# Lets here what you think about this



## TallAdam85 (Apr 27, 2005)

http://kwonusa.com/kwon/usa/weapons/arnis/index.htm?Artikelgruppe=4000003&SInfo=details

i was looking at kwons online catalog last night and came across this what do u guys think of it think it will work for stick fighting or not just wondering cause it 
is not a lot of money also i see that kwon now has training knifes take a look at these I like the first one and make get it cause it is prety cheap with wholesale

http://kwonusa.com/kwon/usa/kobudo/knives/index.htm?Artikelgruppe=8020021&option1=588&SInfo=details


----------



## dearnis.com (Apr 28, 2005)

Looks like a WEKAF Jacket w/ Kwon branding.  Price is consistent.
Gear for stickfighting is pretty subjective; it comes down to what are you willing to put up with.


----------



## NARC (Apr 28, 2005)

I agree, but skip the "body protection" and grab proper head gear & hand protection and go at it!....making sure you got a supply of PERCS or OXY for the pain experienced afterwards....only kidding!! %-}


----------



## arnisandyz (Apr 28, 2005)

At least they are offering FMArtists more options.

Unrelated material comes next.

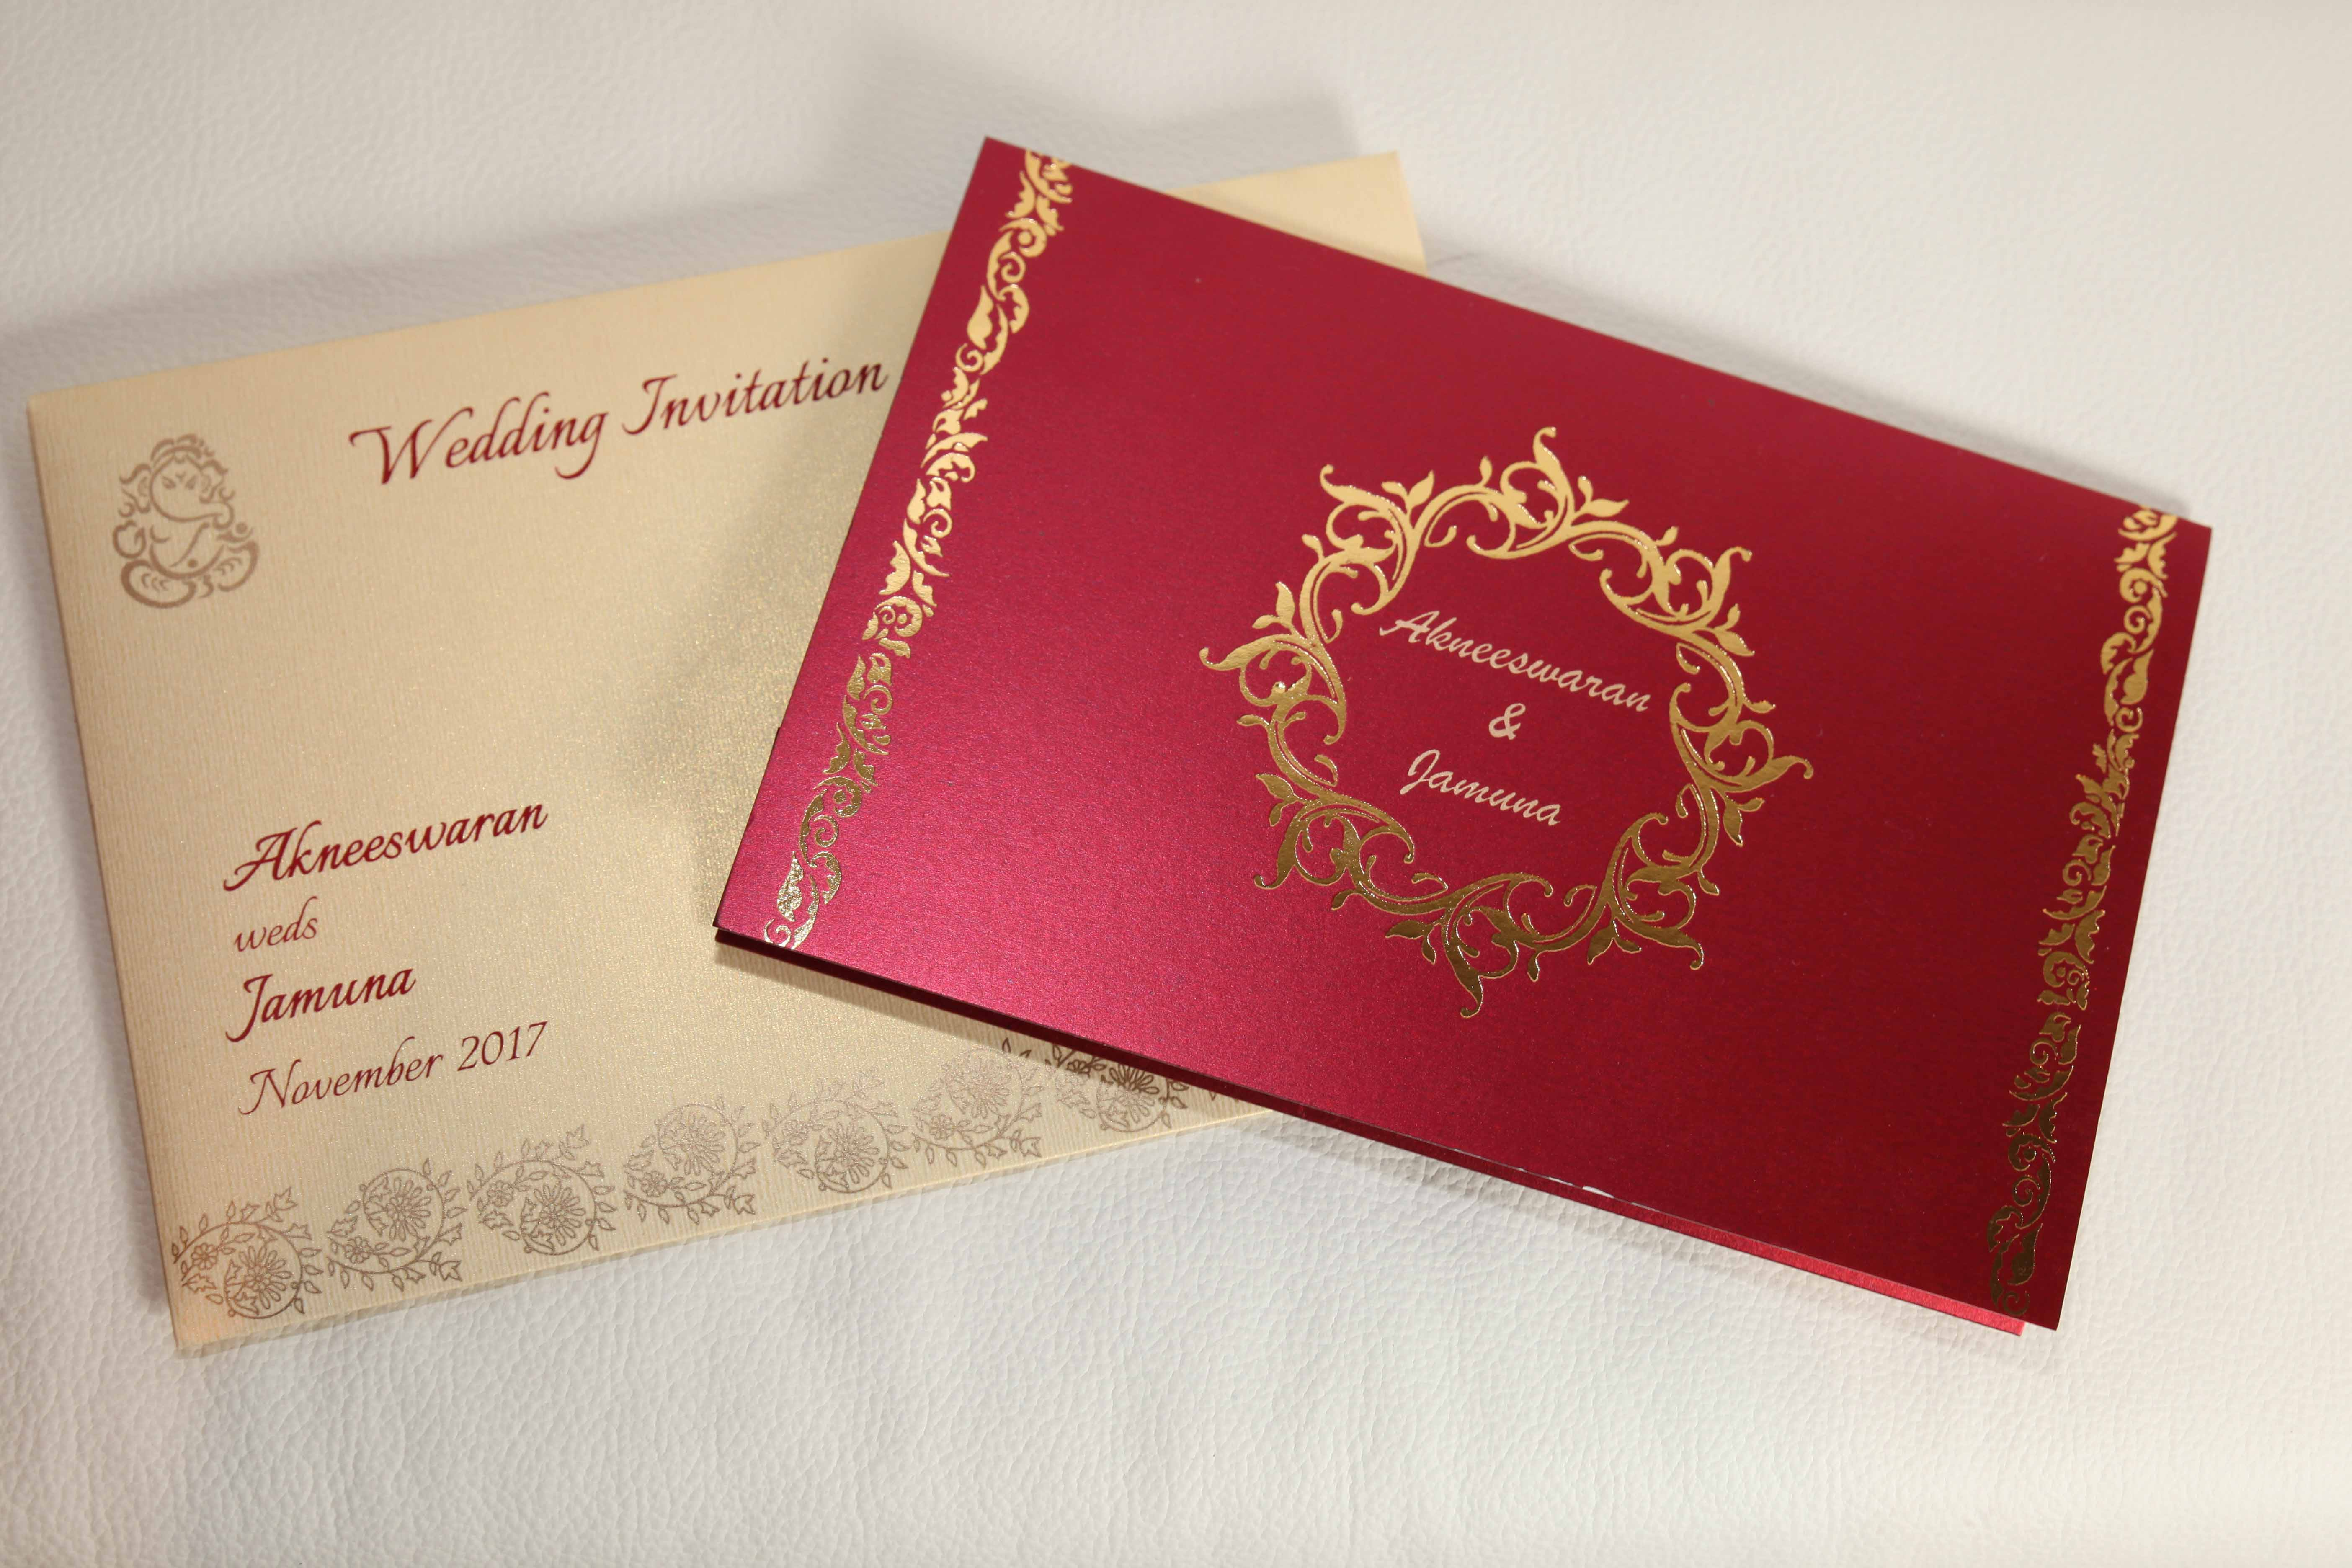 indian wedding card sles uk - 28 images - sikh punjabi wedding ...

I thought this was funny.  In thier WEAPONS - Arnis/Escrima/Kali section
"CAUTION: The articles on this page are sold only for collection purposes or for supervised training in the art of Chinese Wu Shu." :idunno:


----------



## Reikon (Apr 29, 2005)

arnisandyz said:
			
		

> At least they are offering FMArtists more options.
> 
> I thought this was funny.  In thier WEAPONS - Arnis/Escrima/Kali section
> "CAUTION: The articles on this page are sold only for collection purposes or for supervised training in the art of Chinese Wu Shu." :idunno:


 Hehe or better yet:



> KWON is not respnsible for any illegal or improper use of the items found on this page.


 And it's body protection.


----------



## bart (Apr 29, 2005)

Hey There,

Kwon has sponsored WEKAF teams and events in a couple of different ways over the past few years. I'm not surprised that they've accomplished a bit of branding. Honestly, I'm happy to see it on a mainstream martial arts ecommerce site. It makes it easier for instructors like myself, that don't have or want a storefront, to have students find and purchase gear on their own. I also like the price. 




			
				NARC said:
			
		

> I agree, but skip the "body protection" and grab proper head gear & hand protection and go at it!...




People bash the use of armor in training, but even if you don't want to wear it yourself, it works well when used in sparring partner style ala boxing. Your partner is padded up in a way that allows you to go to town. That type of training is invaluable. In my honest opinion, the introduction of hand protection departs more from reality than the introduction of body protection.


----------



## bart (Apr 29, 2005)

Another site with interesting gear is: 


http://www.guardup.com


I did some reading around on it and they've got an interesting collection of gear in their store. Anybody heard of them before?


----------